# FH-BX42 Wood Chipper



## Dysanfel (9 mo ago)

Today I assembled my BX42S wood chipper from Betstco. I am not super excited about buying from China, but money is tight. I managed to put it together in a few hours and had to cut the PTO shaft by 5 inches. I greased it up, got it up to 540RPM and every thing seems solid. Tomorrow I begin work on three different sites on my land that need chipping. This will be the compost for next year.

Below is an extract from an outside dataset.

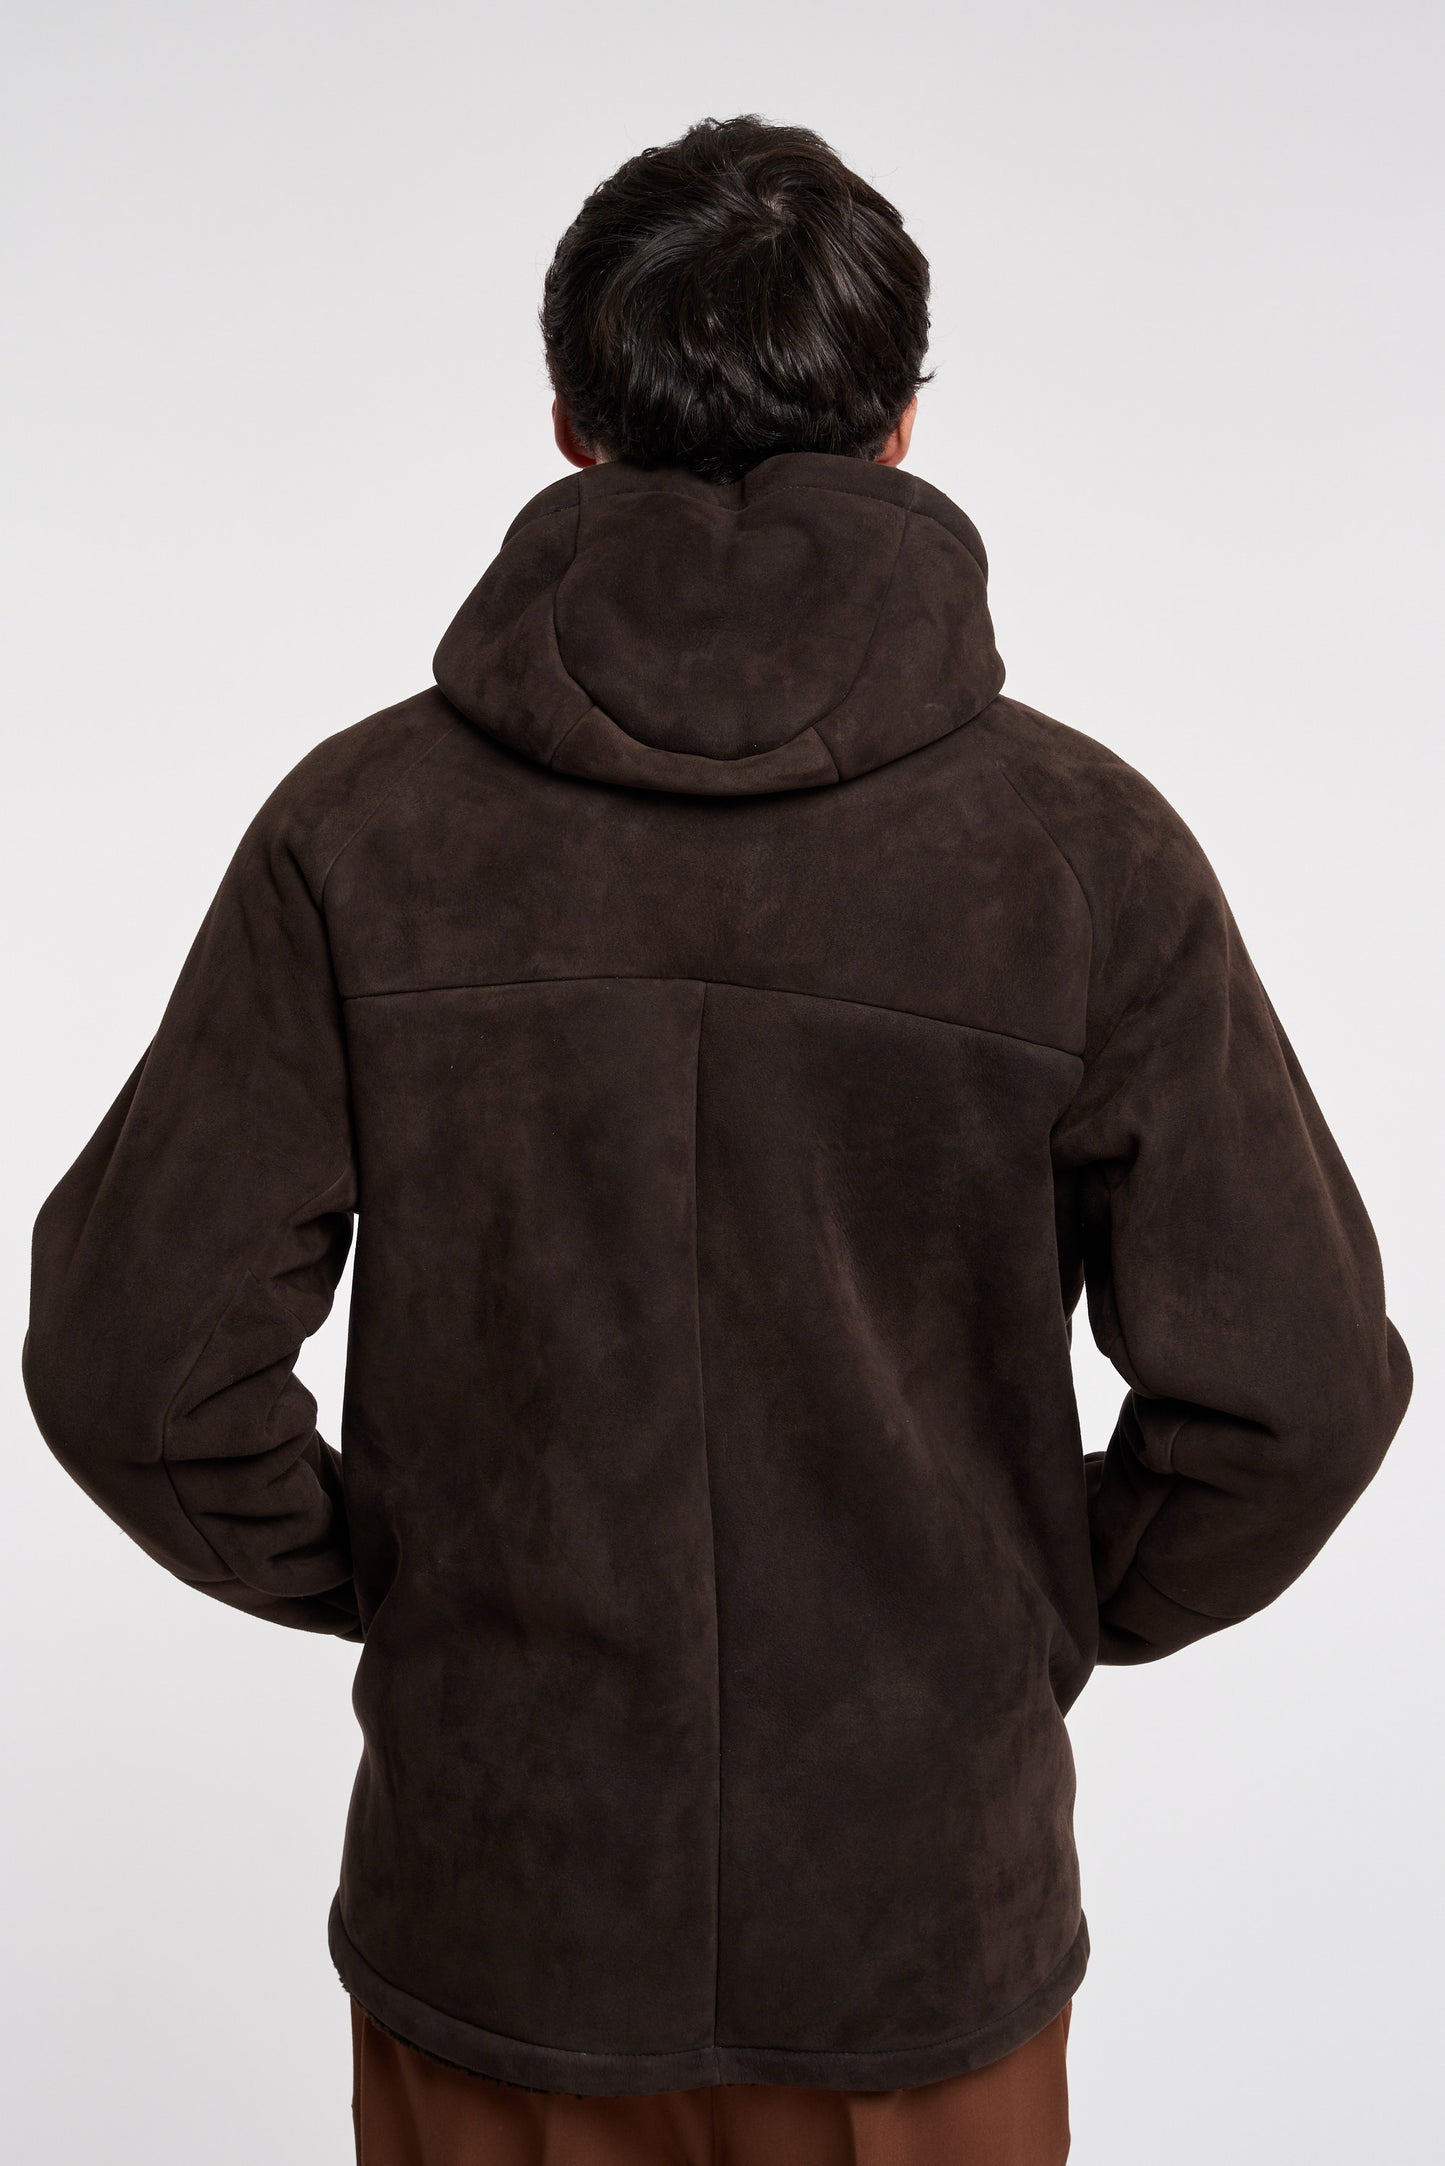  Salvatore Santoro Brown Leather Jacket 100% Lh Marrone Uomo - 5
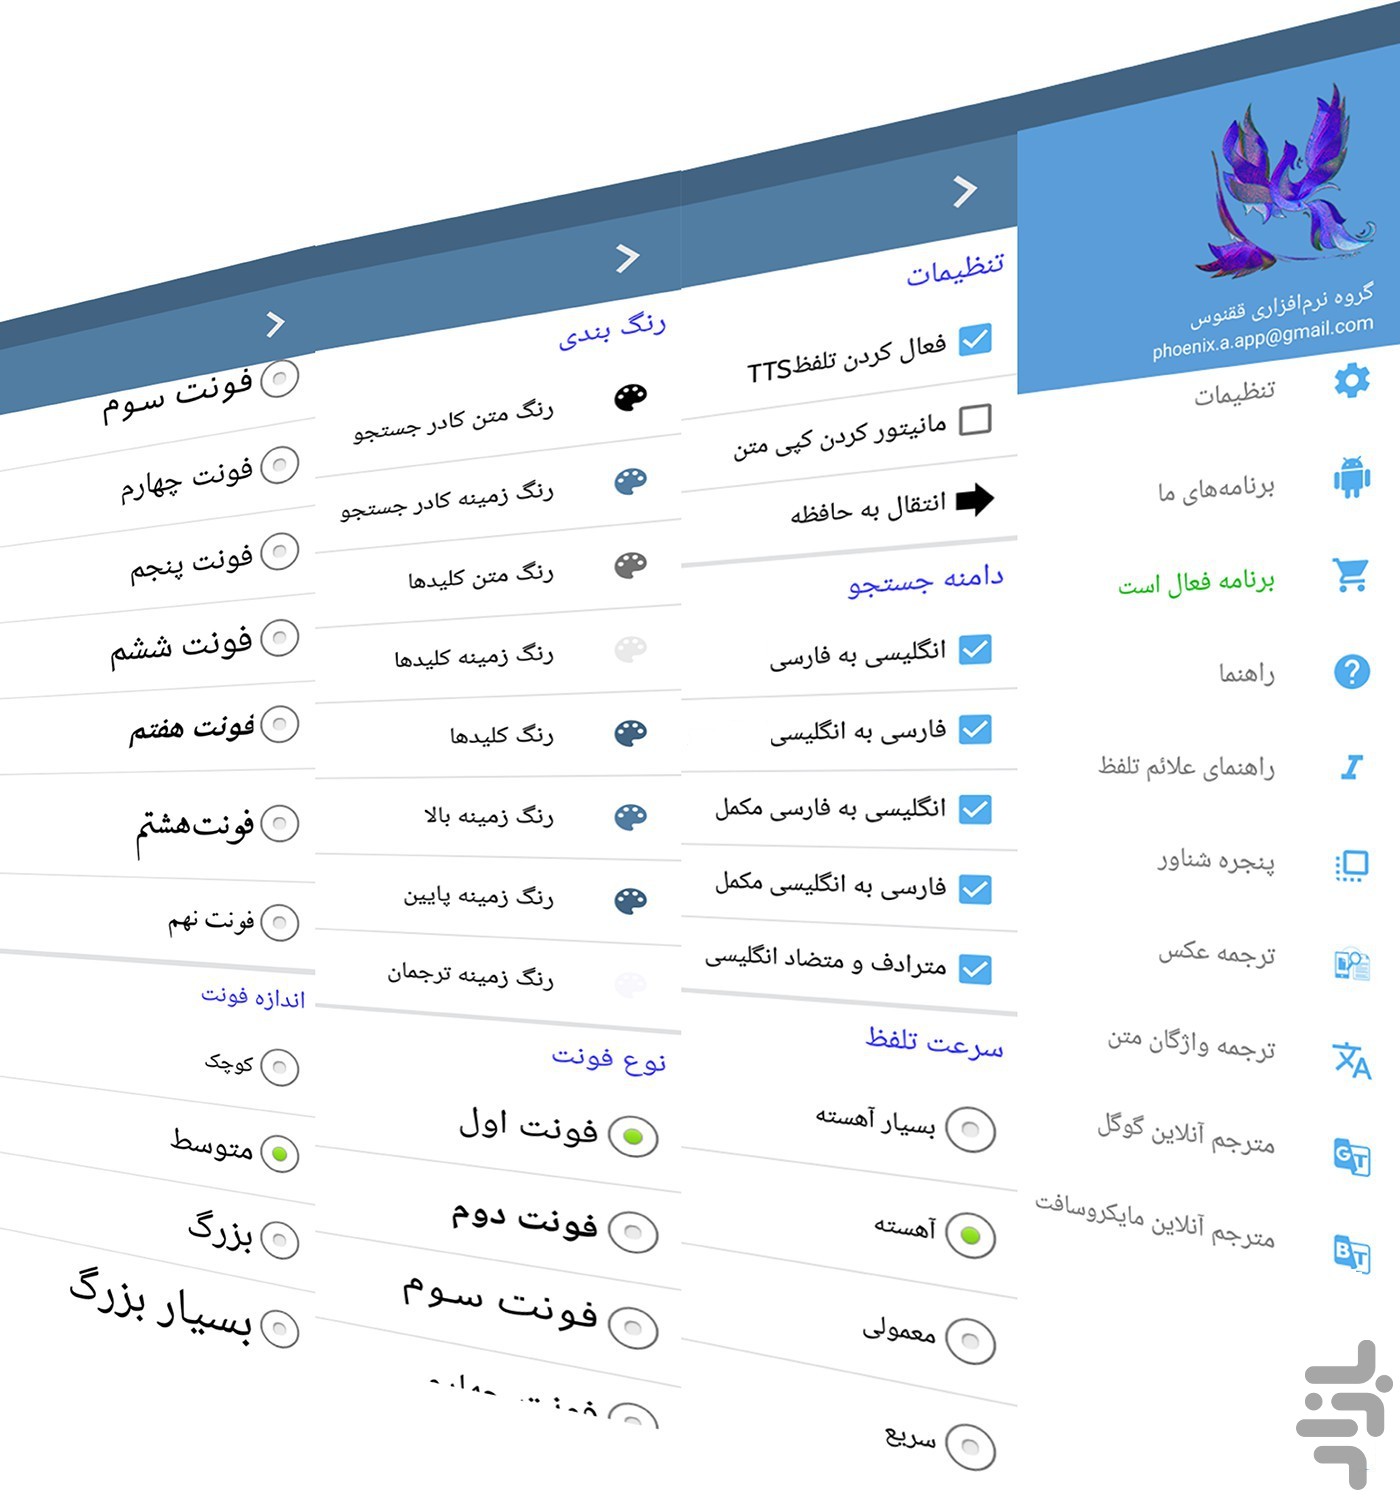 ترجمه آنلاین انگلیسی به فارسی همراه با تلفظ

I'll be sure to follow up on how this chipper does in the field, and maybe do a review.


----------



## deerhide (Oct 20, 2016)

I bought a 'forein' made chipper a few years ago. Won't chip green wood very good, plugs up unless you feed it slow. The automatic feed is way too fast......


----------



## Dysanfel (9 mo ago)

deerhide said:


> I bought a 'forein' made chipper a few years ago. Won't chip green wood very good, plugs up unless you feed it slow. The automatic feed is way too fast......


Yup. This chipper hates leaves, vines, and anything green. The flume can get clogged pretty easy. Best results are from prepping the wood ahead of time. I eventaully figured out I gots to lay the chipper solid on the ground with the top-link. It does the job. I wish I could have afforded a better one though.


----------